---
name: image-generation
description: Generate or edit images from text prompts. Use when the user asks to create, draw, design, or edit an image, illustration, photo, icon, poster, or any visual content.
metadata:
  cowagent:
    requires:
      anyEnv:
        - OPENAI_API_KEY
        - GEMINI_API_KEY
        - ARK_API_KEY
        - DASHSCOPE_API_KEY
        - MINIMAX_API_KEY
        - LINKAI_API_KEY
---

# Image Generation

Generate and edit images using AI models. The script automatically picks a backend based on which API keys are configured — **you don't need to specify a model unless the user explicitly names one**.

Supported models (passed via `model` only when the user asks for a specific one):

- **OpenAI** — `gpt-image-2`, `gpt-image-1`
- **Gemini Nano Banana** — `nano-banana-2`, `nano-banana-pro`, `nano-banana`
- **Seedream (Volcengine Ark)** — `seedream-5.0-lite`, `seedream-4.5`
- **Qwen (DashScope)** — `qwen-image-2.0`, `qwen-image-2.0-pro`
- **MiniMax** — `image-01`

## Usage

Run `scripts/generate.py` with a JSON argument. The path is relative to this skill's `base_dir`.

```bash
python <base_dir>/scripts/generate.py '<json_args>'
```

**Set bash timeout to at least 600 seconds**, as image generation can take 30–200s per provider, and the script may try multiple providers sequentially.

### Parameters

| Parameter | Type | Required | Default | Description |
|-----------|------|----------|---------|-------------|
| `prompt` | string | yes | — | Image description |
| `image_url` | string / list | no | null | Input image(s) for editing: local file path or URL. Multi-image fusion is supported (pass a list) |
| `quality` | string | no | auto | `low` / `medium` / `high` (only some backends honour this) |
| `size` | string | no | auto | `512` / `1K` / `2K` / `3K` / `4K`, or pixel value (`1024x1024`) |
| `aspect_ratio` | string | no | null | `1:1` / `3:2` / `2:3` / `16:9` / `9:16` / `21:9` (some backends also support extreme ratios like `1:4` / `8:1`) |

**Higher `quality` and larger `size` cost more and run slower.** In normal cases, when the user does not explicitly specify, `low` or `medium` is sufficient. Only use `high` when the user asks for it.

### Example — generate

```bash
python <base_dir>/scripts/generate.py '{"prompt": "A corgi astronaut floating in space"}'
```

With aspect ratio:

```bash
python <base_dir>/scripts/generate.py '{"prompt": "Isometric miniature city of Shanghai at sunset", "size": "2K", "aspect_ratio": "16:9"}'
```

### Important: Editing vs Generating

When the user asks to **edit, modify, or improve an existing image**, pass the original image via `image_url`. Prefer **local file paths** directly — the script handles file reading internally. Without `image_url`, the script generates a brand-new image instead of editing.
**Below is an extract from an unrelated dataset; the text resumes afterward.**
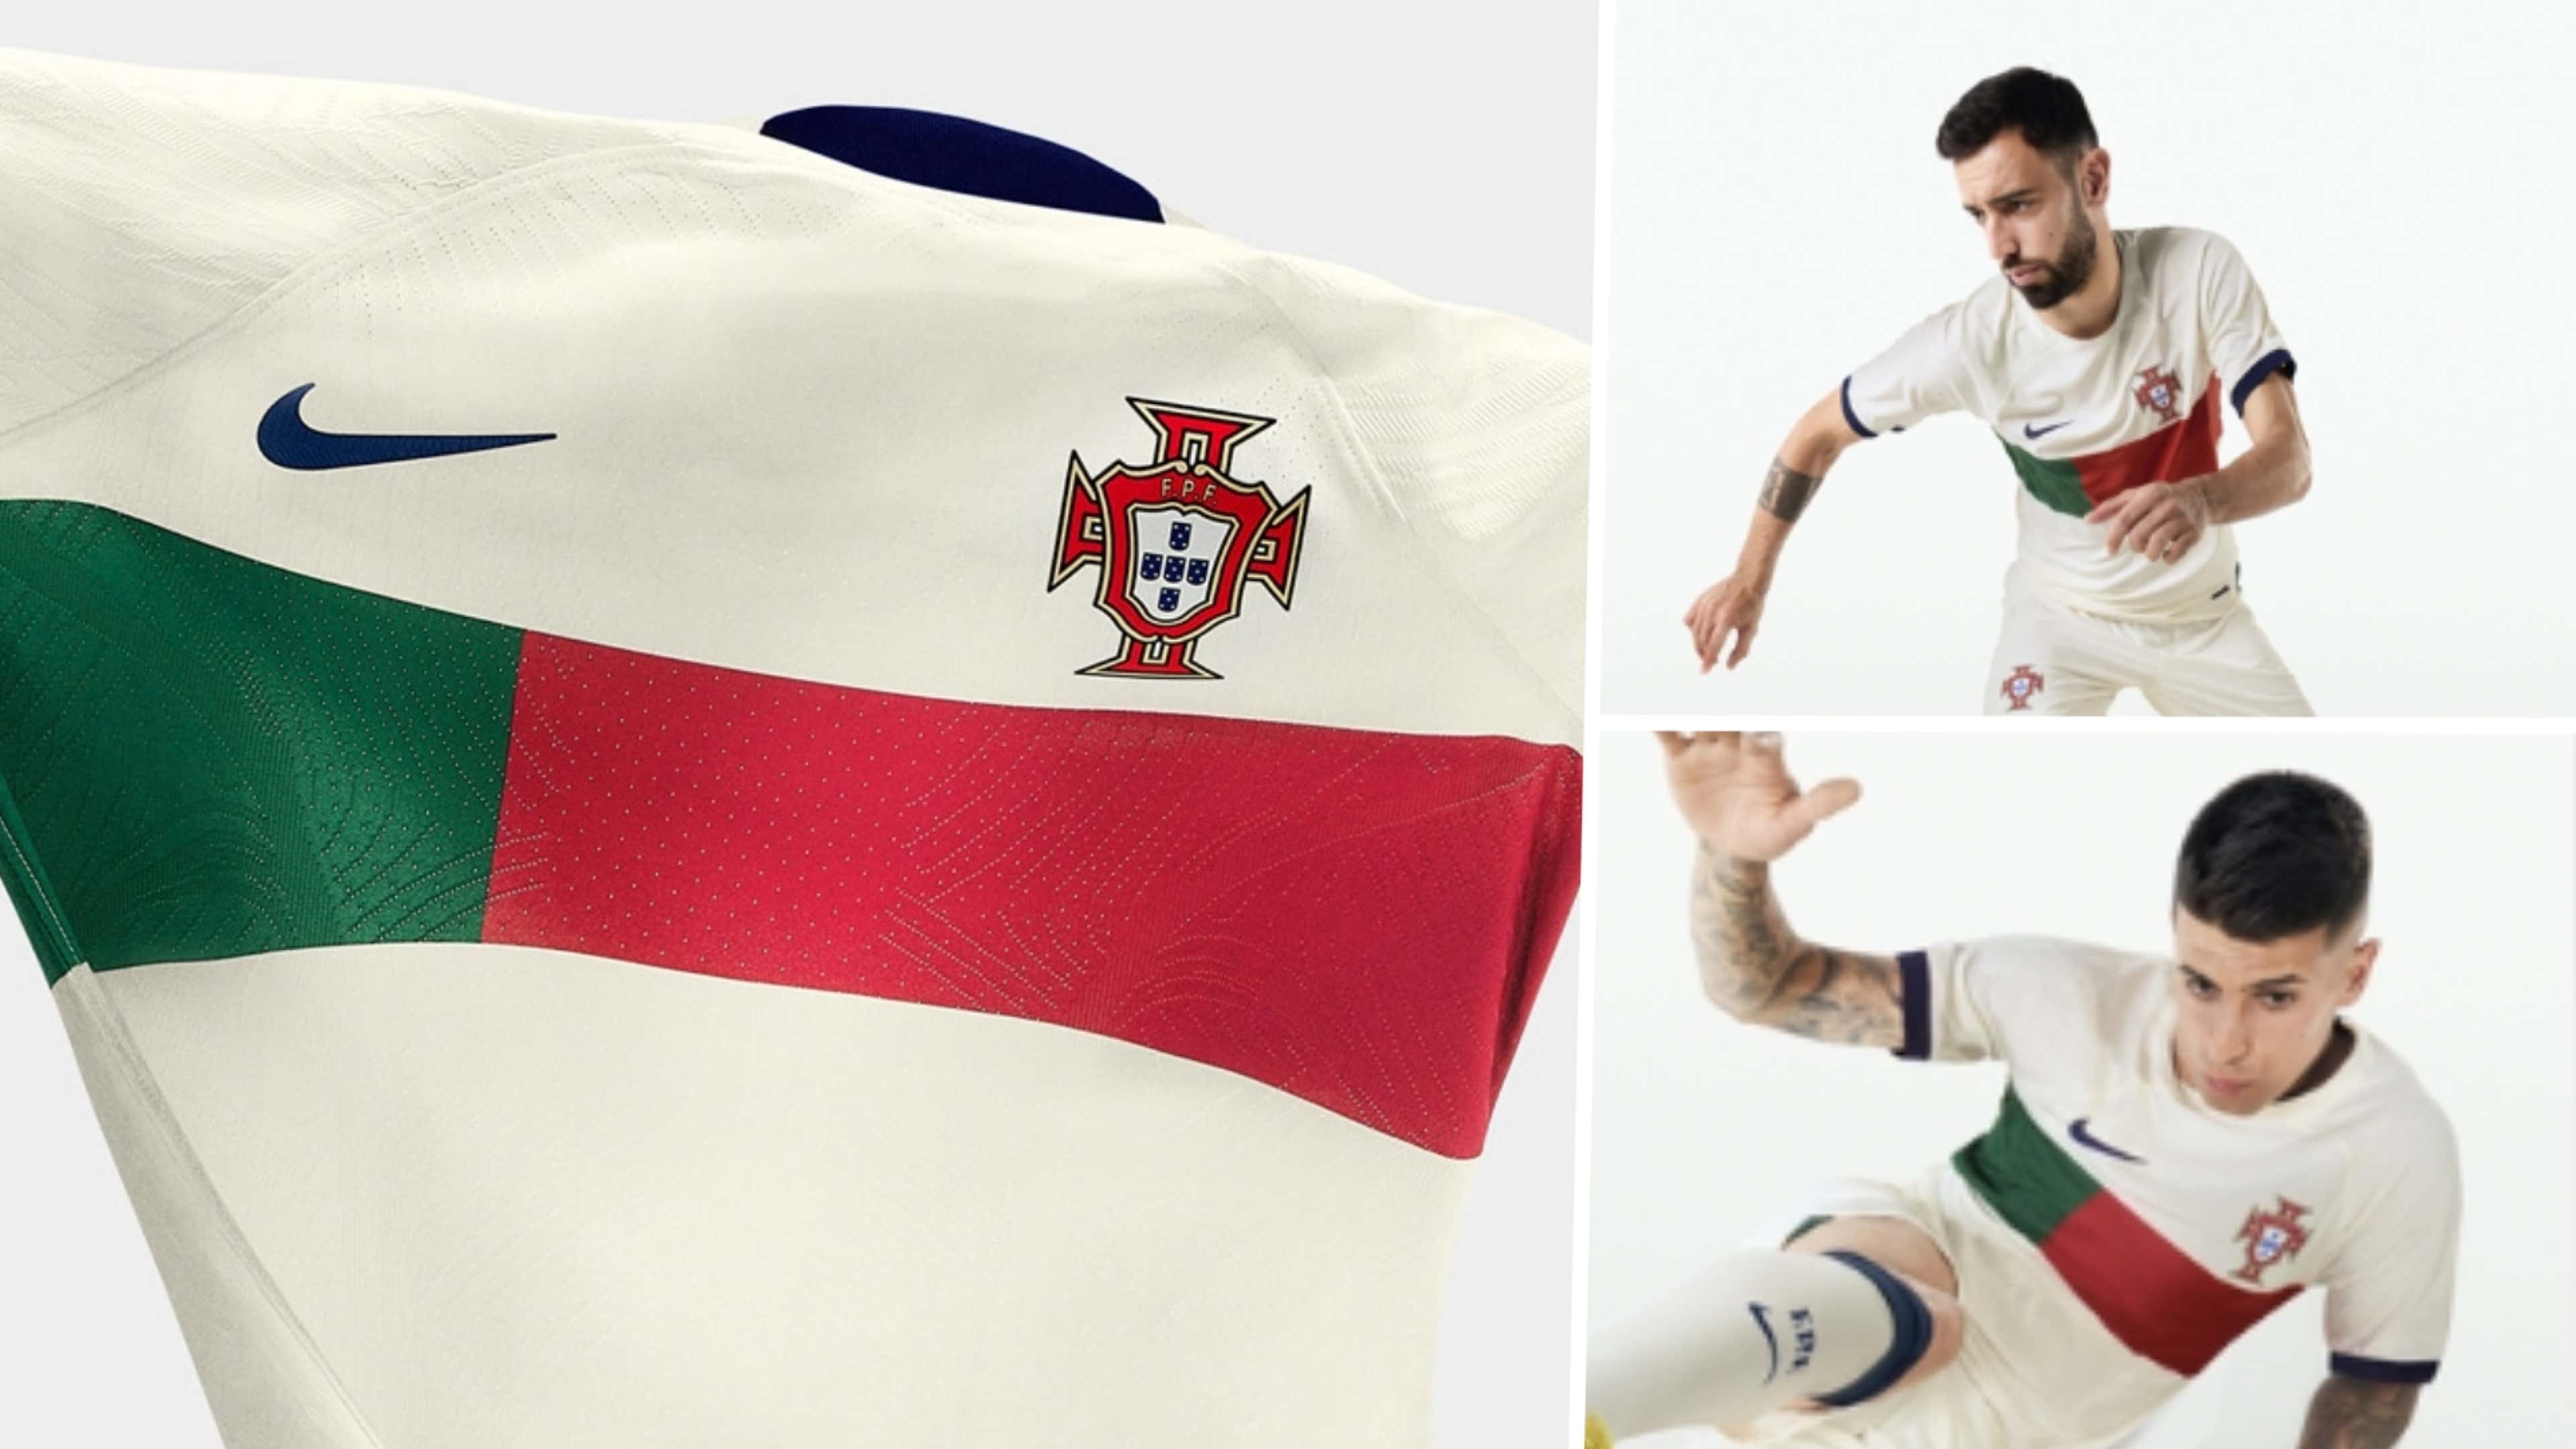 Seleção portuguesa divulga uniformes para a Copa do Mundo 2022

### Example — edit (image-to-image)

```bash
python <base_dir>/scripts/generate.py '{"prompt": "Add a Santa hat to the dog", "image_url": "/path/to/dog.png"}'
```

Multi-image fusion — pass a list:

```bash
python <base_dir>/scripts/generate.py '{"prompt": "Combine these characters into a group photo", "image_url": ["/path/a.png", "/path/b.png"]}'
```

### Output

Prints JSON to stdout:

```json
{
  "model": "doubao-seedream-5-0-260128",
  "images": [
    {"url": "/path/to/output.png"}
  ]
}
```

After success, display the image to the user. You can either embed it in markdown (`![description](/path/to/output.png)`) or use the `send` tool.

On error:

```json
{
  "error": "error message"
}
```

### Setup

The script needs **at least one** of these API keys (set via `env_config` or `config.json`):

`OPENAI_API_KEY` / `GEMINI_API_KEY` / `ARK_API_KEY` / `DASHSCOPE_API_KEY` / `MINIMAX_API_KEY` / `LINKAI_API_KEY`

Each also has an optional `*_API_BASE` for custom endpoints. The script automatically picks the first configured backend and falls back to the next if it fails — no need to specify a model.

### Error Handling

If the script returns an error after trying all configured backends, **do NOT retry with the same parameters** — the failure is almost always a configuration issue (wrong API key, unsupported API base). Tell the user to fix it via `env_config`, then retry.

### Notes

- HTTP timeout is 300s — high-resolution generation can take over 200s.
- Omit `quality` / `size` to let the model pick automatically (`auto`).
- Input images for editing are auto-compressed to ≤ 4MB / longest edge ≤ 4096px.